Serial tails are a correctness hazard. The leftover elements after the last full SIMD chunk run through a scalar loop that silently drops FMA fusion, compensated accumulation, and saturating arithmetic — producing results with different numerical properties than the SIMD body. NumKong often uses masked loads instead (_mm512_maskz_loadu_ps on AVX-512, predicated svld1_f32 on SVE), processing every element through the same arithmetic path regardless of alignment. It's not exactly orthogonal to loop-unrolling, but makes a different kernel layout more compatible.

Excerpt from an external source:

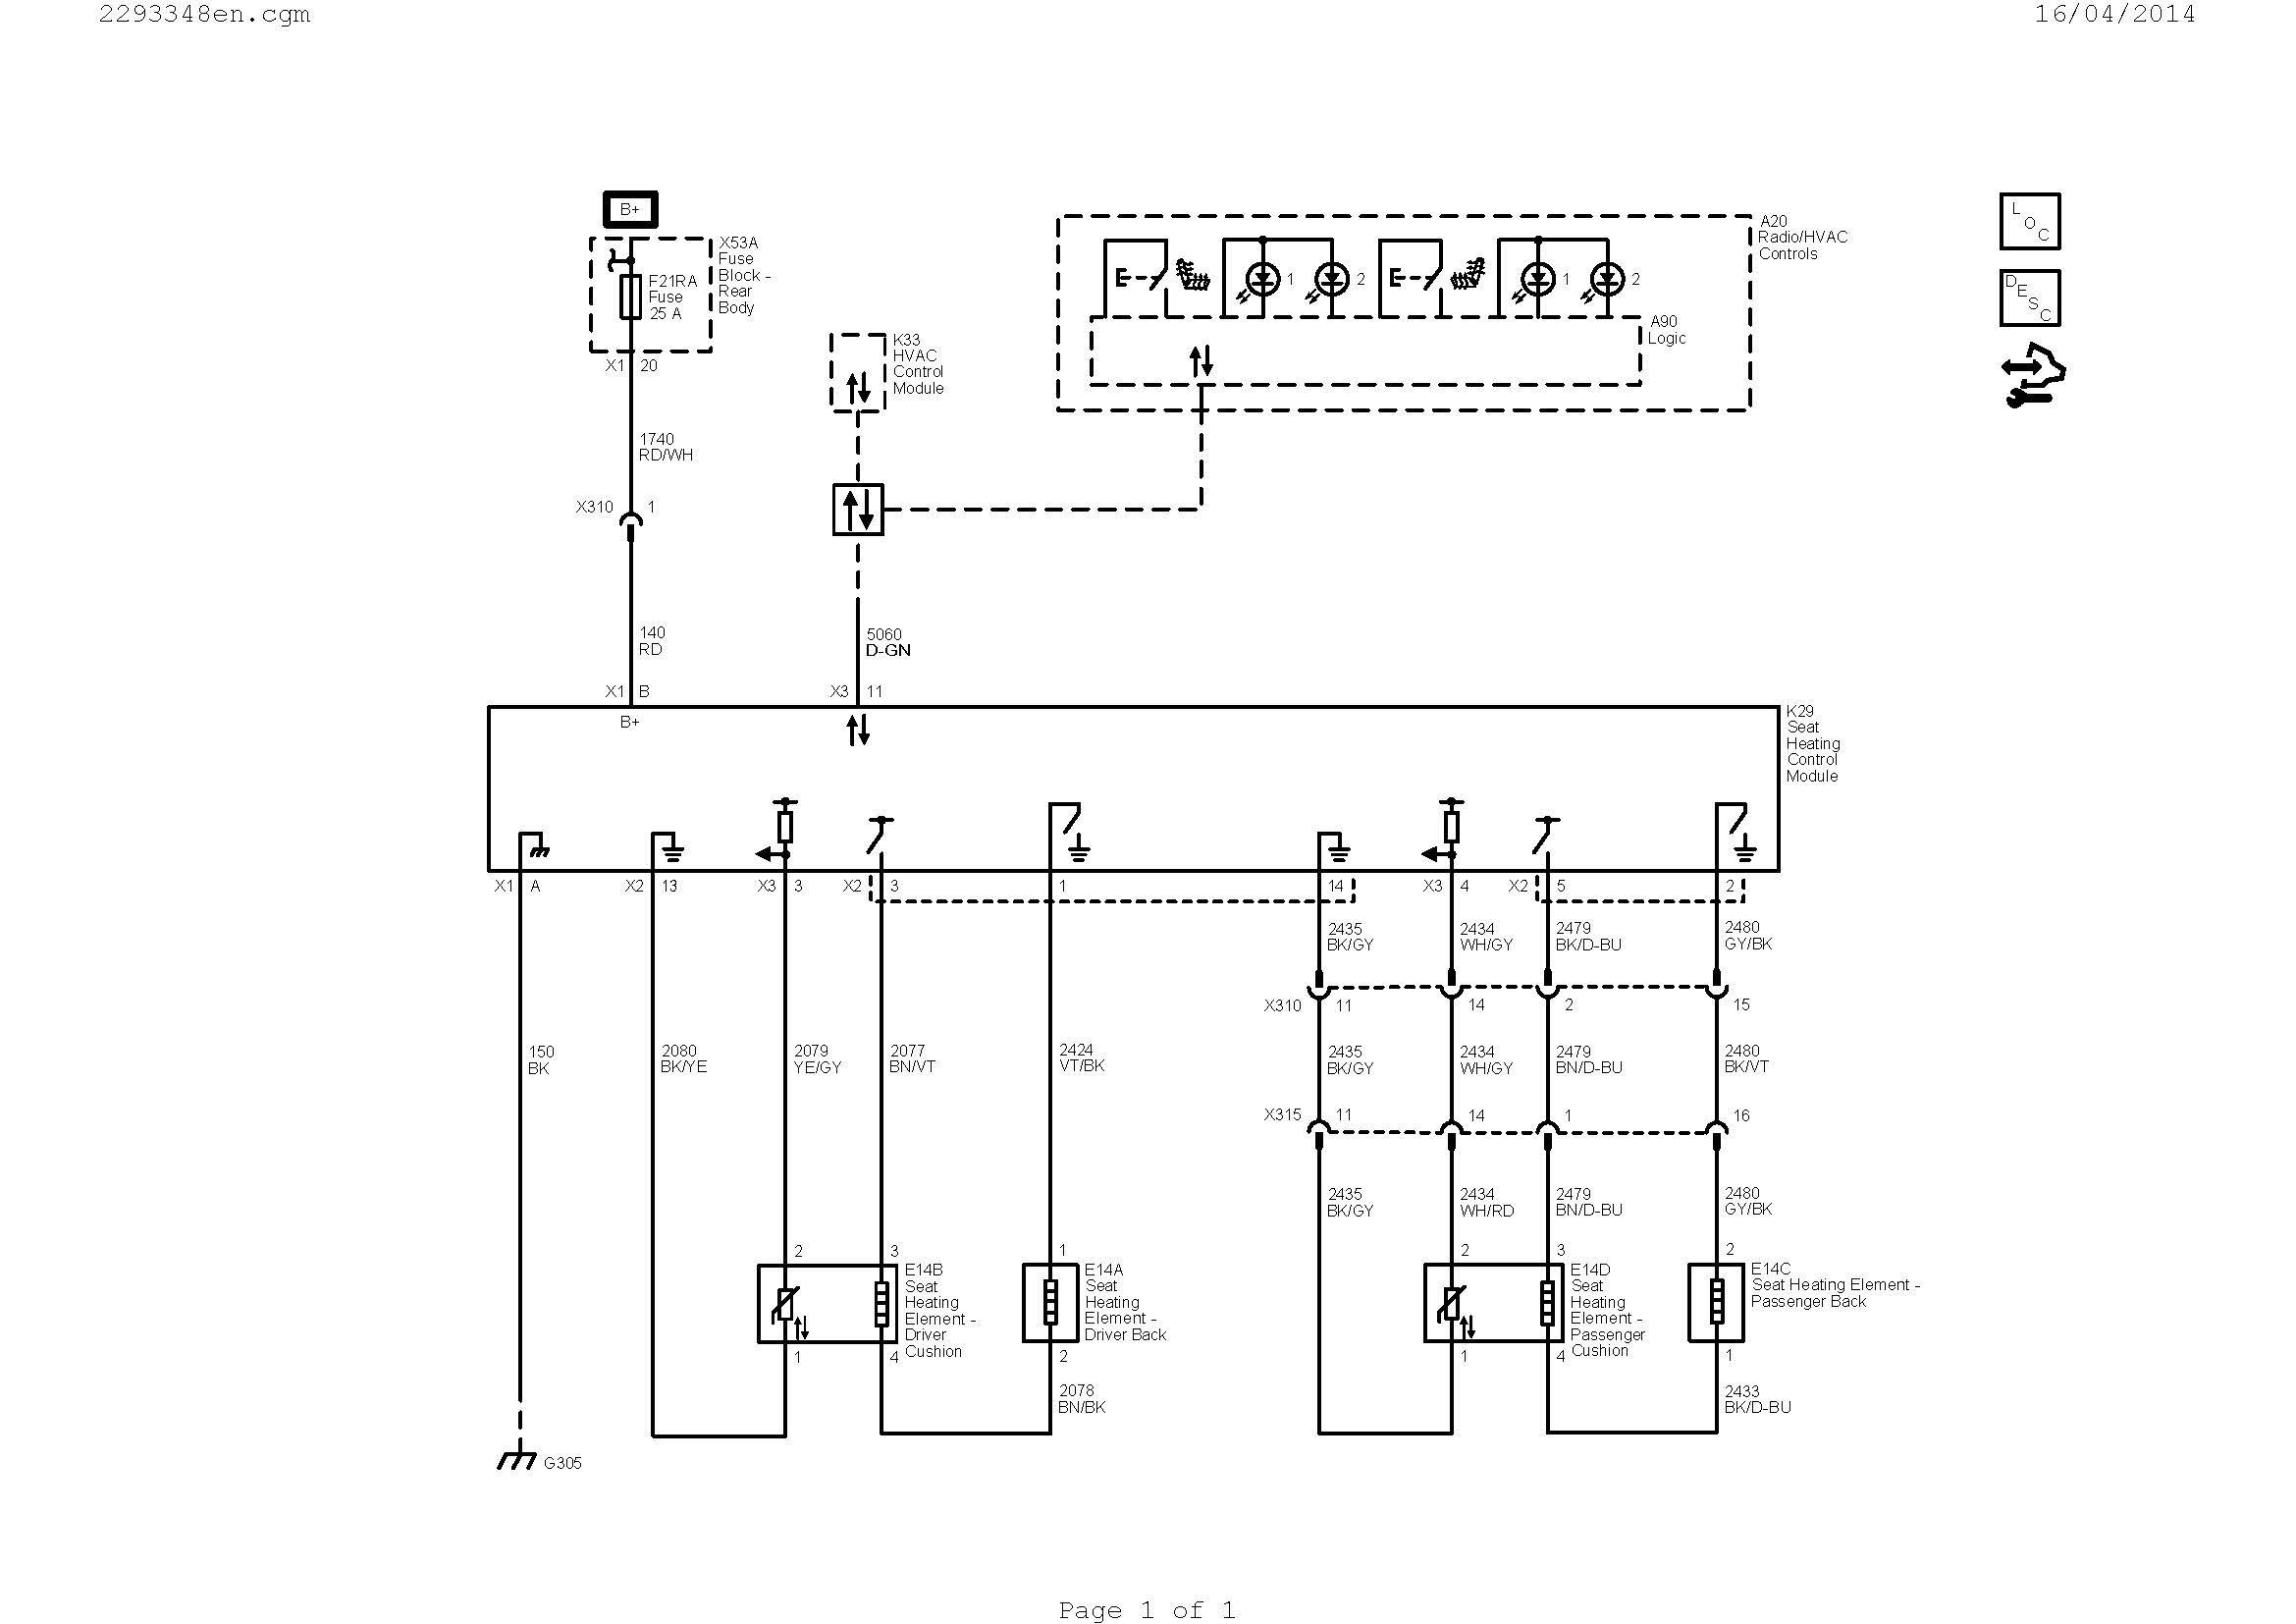 White Rodgers 50E47 843 Wiring Diagram | Schematic Diagram - White Rodgers Gas Valve Wiring Diagram

The real performance gap is elsewhere. On Intel Sapphire Rapids, NumKong was benchmarked against auto-vectorized code compiled with GCC 12. GCC handles single-precision float competently, but struggles with _Float16 and other mixed-precision paths:

Kind GCC 12 f32 GCC 12 f16 NumKong f16 f16 improvement
Inner Product 3,810 K/s 192 K/s 5,990 K/s 31 x
Cosine Distance 3,280 K/s 336 K/s 6,880 K/s 20 x
Euclidean Distance ² 4,620 K/s 147 K/s 5,320 K/s 36 x
Jensen-Shannon Divergence 1,180 K/s 18 K/s 2,140 K/s 118 x

NumKong's f16 kernels are faster than GCC's f32 output — not because of unrolling, but because they use F16C conversion instructions, widening FMA pipelines, and compensated accumulation that no compiler will synthesize from a plain for loop. The same story repeats for bf16, e4m3, i8, and i4: these types require algorithmic transformations — lookup tables, algebraic domain shifts, asymmetric VNNI tricks — that live beyond the reach of auto-vectorization.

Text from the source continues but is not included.